Future friendships and relationships I’ve had since have shown me more of what I will and won’t take in a relationship and I need to stop feeling guilty for wanting more or to not be treated a certain way, if that way makes me feel awful. What I do feel guilty about is that that whole situation has taken precedent over things that REALLY should be my focus now. Relationships I’m in now. Nearly fucked up a lot of those. Did fuck up some. I just need to finally allow myself to feel some things and actually move on instead of just pushing it or them out of my mind for the time being. Maybe get back into writing, because this is not helping me feel better.. but it’s helping me feel. And if I can avoid having to feel months and months of pain all condensed into a few days again.. that’s definitely preferred.
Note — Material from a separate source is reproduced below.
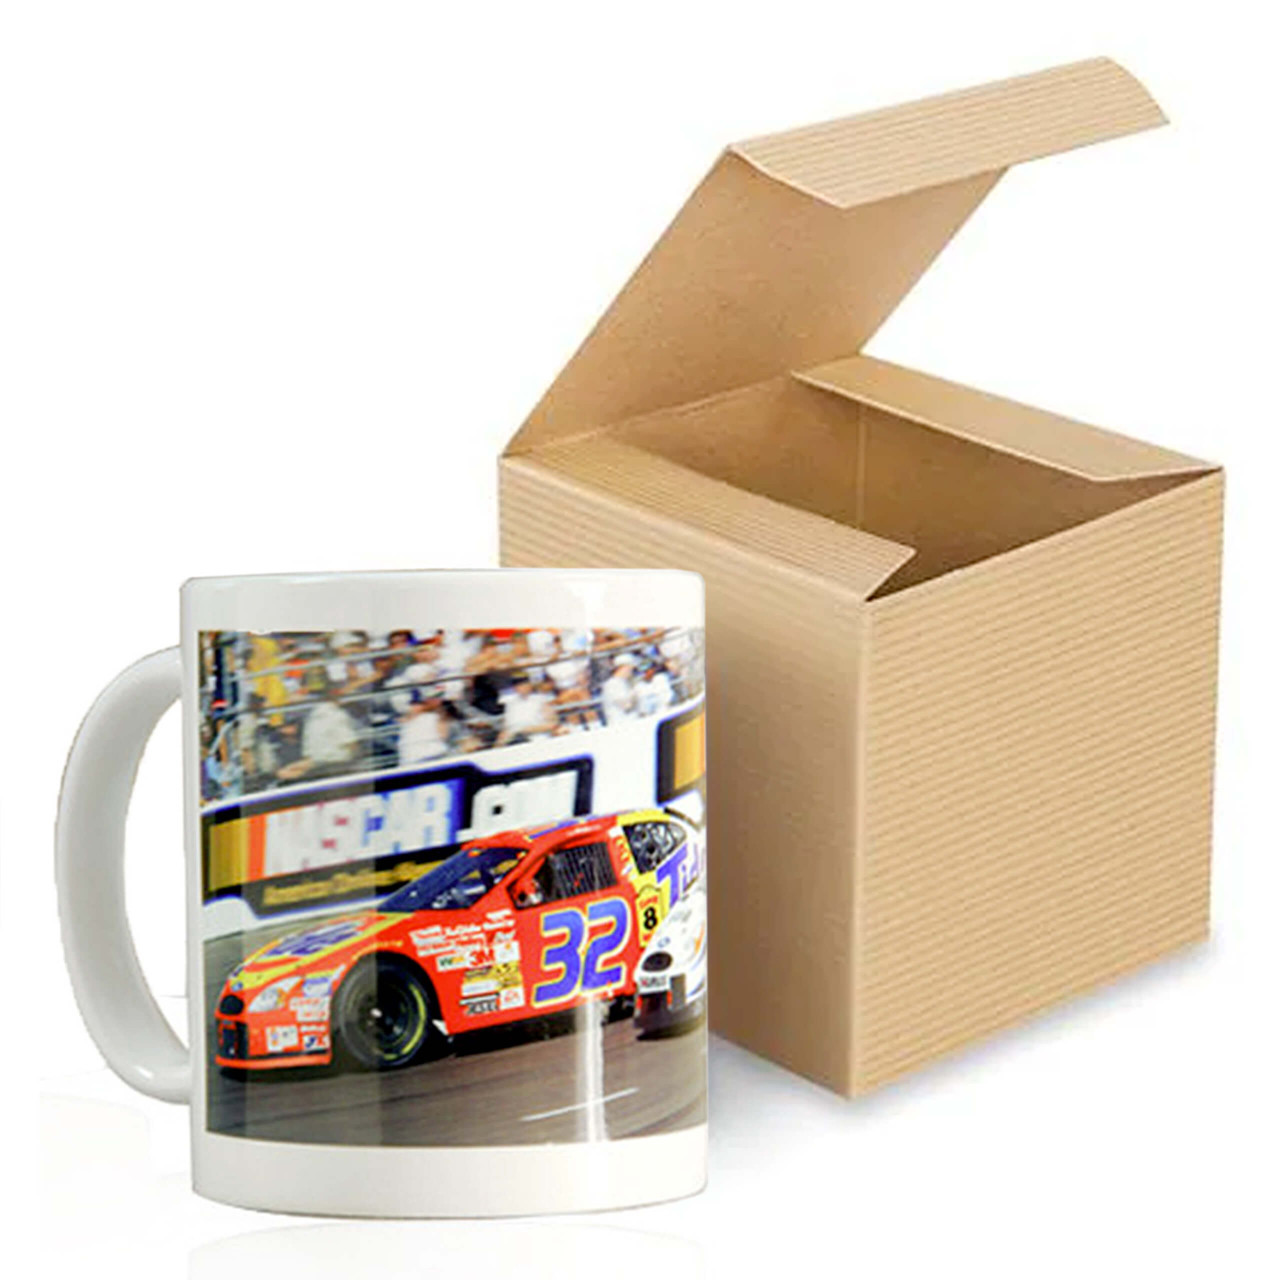 NC Custom: 4 Mug Deluxe Gift Box. Supplied By: Lanco

I keep trying to add a moral to these or some lesson learned by the end of these posts.. so give some idea that I’m getting better or becoming a better person as each post arises but honestly at this point I’m just trying to get by. Just trying to live my life and I’m going to learn things and I’m going to make the same mistakes over and over so that’s a bit unrealistic to expect that this should show the progress of something that just simply doesn’t exist. These are my thoughts. My feelings, whatever’s in my head. And that’s really the most I can expect. A journal about nothing, or everything, or one small thing.. it doesn’t matter because I didn’t make this site for the reader or to show anybody how I am doing. It was for me. If I get out of this funk, if I’m still here going forward I really need to keep all of this in mind.
Until next time, maybe,
Tristan.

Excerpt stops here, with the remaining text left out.